Varieties like Asian eggplant are gaining popularity with consumers along the East Coast.
Photo: Istock.com

Gene McAvoy, a county extension manager for the University of Florida’s Institute of Food and Agricultural Extension (UF/IFAS), was part of a 17-person team exploring Asian Americans’ penchant for Asian vegetables. The project, undertaken by UF/IFAS and three other land-grant universities on the East Coast, concluded that there is an emerging market for Asian produce in the U.S. According to a press release, these cultivars were the most popular for Asian-Indian consumers: bitter gourd, eggplant, fenugreek leaves, cluster beans, bottle gourds, turmeric, fenugreek, sorrel spinach and radish greens.

Produce Grower spoke with McAvoy to discuss the basis of the project, and what its findings might mean for grocery stores.

Gene McAvoy
Headshot courtesy of UF/IFAS

Produce Grower: What was the reason you and the rest of the team decided to pursue this research?

Gene McAvoy: Basically, we’re looking at changes in demographics in the United States. We’re seeing a dramatic increase in different ethnic groups in the United States, so we wanted to see if there were opportunities for vegetable growers to capitalize on (bit.ly/2iSBm1X). The piece on Asian vegetable markets is part of a bigger study where we looked at buying patterns in the Northeast in conjunction with Rutgers [University] and the University of Massachusetts in major markets with Philadelphia, New York and Boston. [Asian Americans] tend to buy more produce as compared to Caucasian Americans who buy fresh food.
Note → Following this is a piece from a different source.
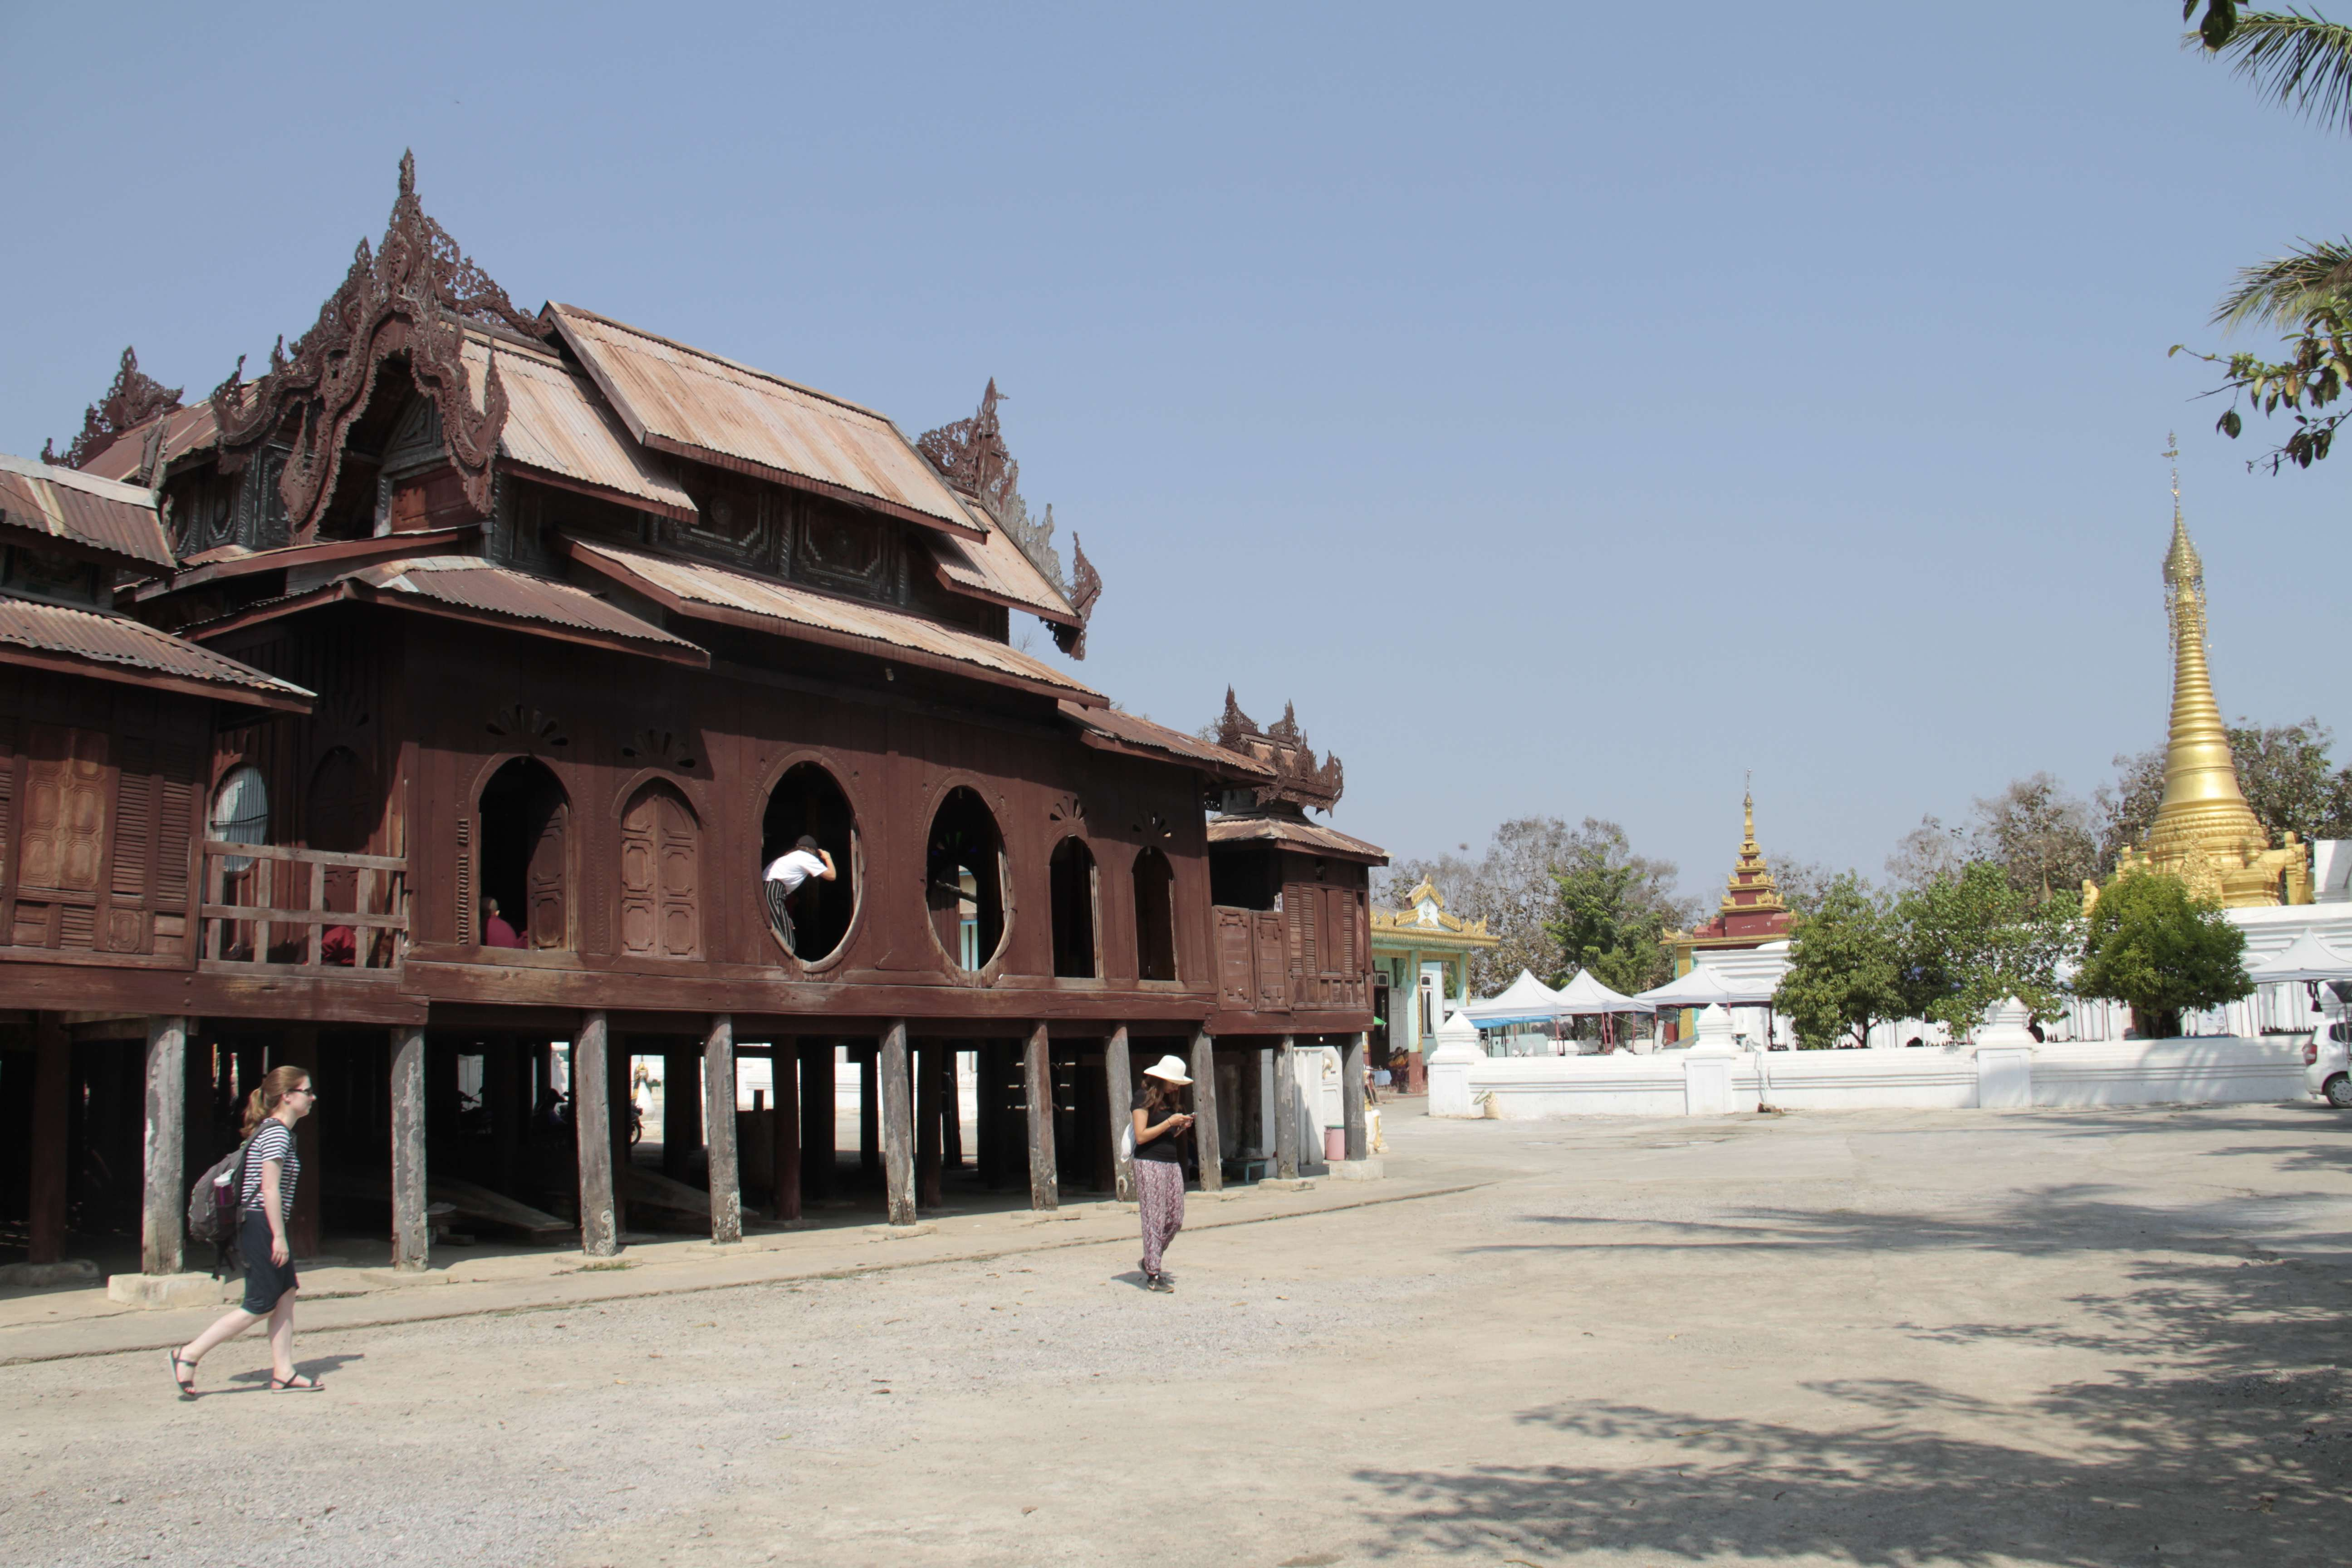 Myanmar fevrier 2019_0810 Niaungswhe Shweyanpyay monastery

They spend 2.5 to three times more on produce and they are willing to pay a premium for a taste of home.

PG: There are some slight differences between Asian varieties and varieties we normally see in stores. Does that change the potential impact of the study?

GM: Not really because they grow basically the same. It may take some getting used to, but look at bok choy for instance. It grows a lot like cabbage. It shares the same pests as cabbage. It grows in the same season as cabbage. Even though they are alien, they aren’t that different, and it’s fairly easy to plug them into a system.

PG: Do you think we could see Asian vegetables become widely available in grocery stores soon?

GM: I think so. If you look at the Asian vegetables, napa [cabbage] and bok choy are widespread now. Ten to 15 years ago, that wasn’t true.

We were surprised at the size of the markets. But you need to do your homework, you need to line up your markets. You don’t just want to go out and plant a bunch of something and expect your local supermarket to take it. A lot of these vegetables are going to need to be sold in large urban centers to buyers that are maybe different than what growers are used to. And the volumes have to be scaled to the size of the market.